THE FOUR FAMILIES FROM JINTIAN STAYED TOGETHER UNDER the protection of the large tree with its spreading branches, but the ordeal didn’t end—not after two nights or even a week. We suffered worse snow that year than had been in our province in anyone’s memory. We endured freezing temperatures at every moment. Our breaths became clouds of steam that were swallowed by the mountain air. We were always hungry. Each family hoarded its food, unsure of how long we would be away. Coughs, colds, and sore throats swept back and forth across the camp. Men, women, and children continued to die from these ailments and from the relentlessly frigid nights.

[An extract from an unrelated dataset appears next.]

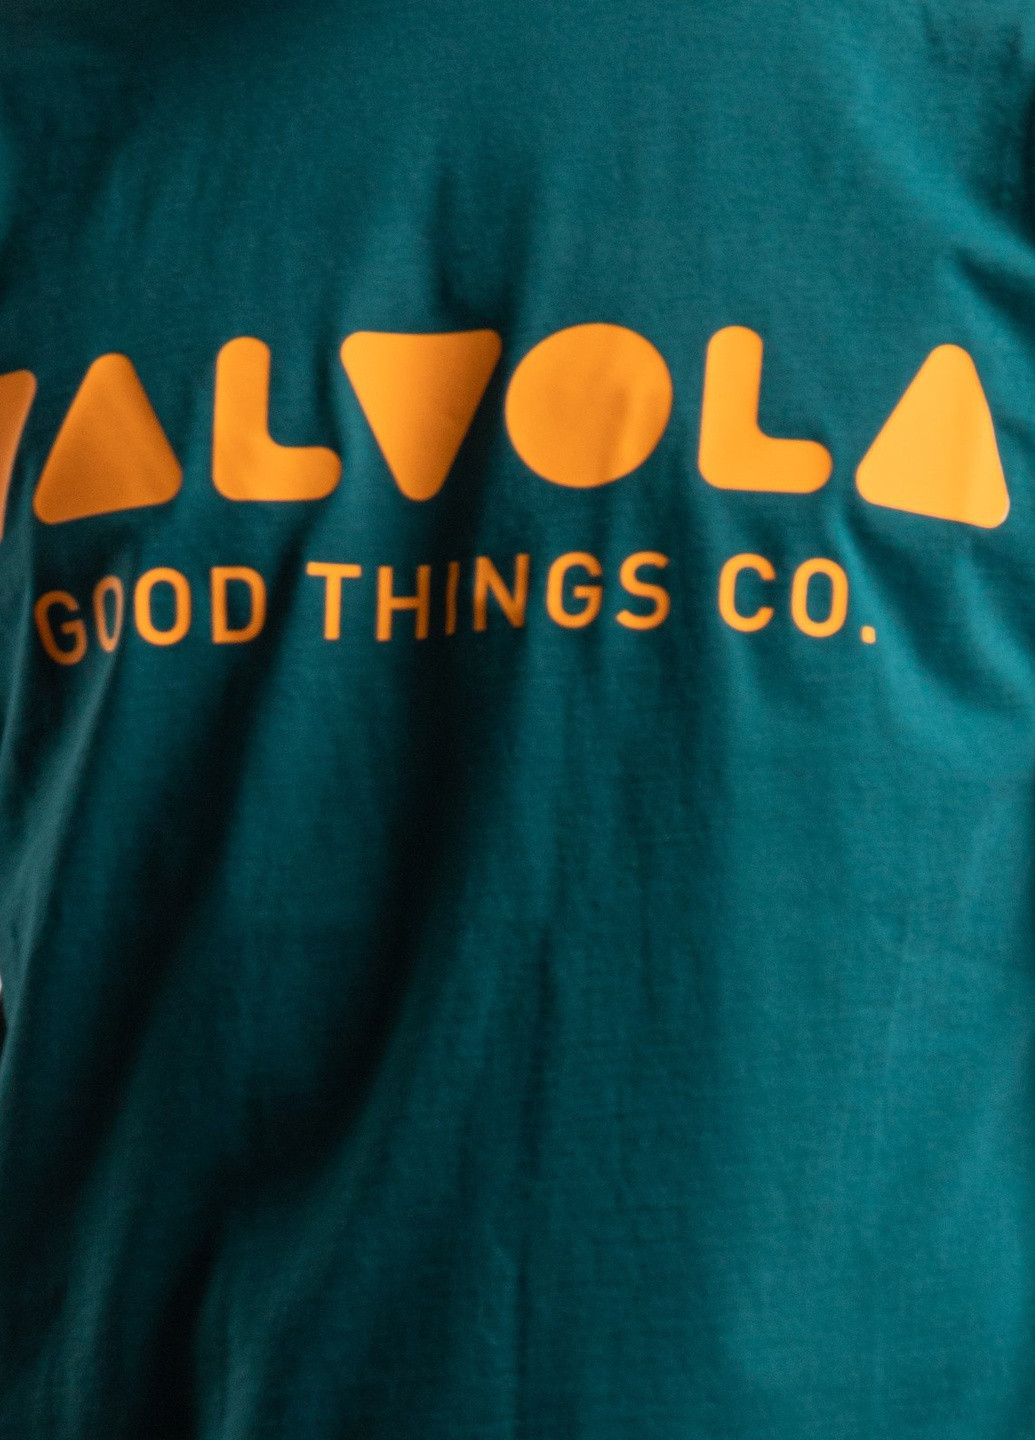 Морской волны футболка с логотипом цвета морской волны Valvola

My feet—and those of most of the women in these mountains—had been badly hurt during our escape. We did not have privacy, so we had to unwrap, clean, and rewrap our feet in front of the men. And we overcame our embarrassment about other body functions, learning to do our business behind a tree or in the common latrine, once it was dug. But unlike most women up here, I was without my family. I desperately missed my eldest son and the rest of my children. I worried constantly about my husband, his brothers, my sisters-in-law, their children, even the servants—and if they had reached the protection of Yongming City.

It took almost a month for my feet to heal enough to walk on them again without restarting the bleeding. At the beginning of the twelfth lunar month, I decided I would go every day in search of my brothers and their families and Elder Sister and her family. I hoped they were safe up here, but how could I locate them when we were ten thousand people spread out across the mountains? Each day I draped one of the quilts over my shoulders and gingerly set out, always marking my progress, knowing that if I didn’t find my way back to Snow Flower’s family I would surely perish.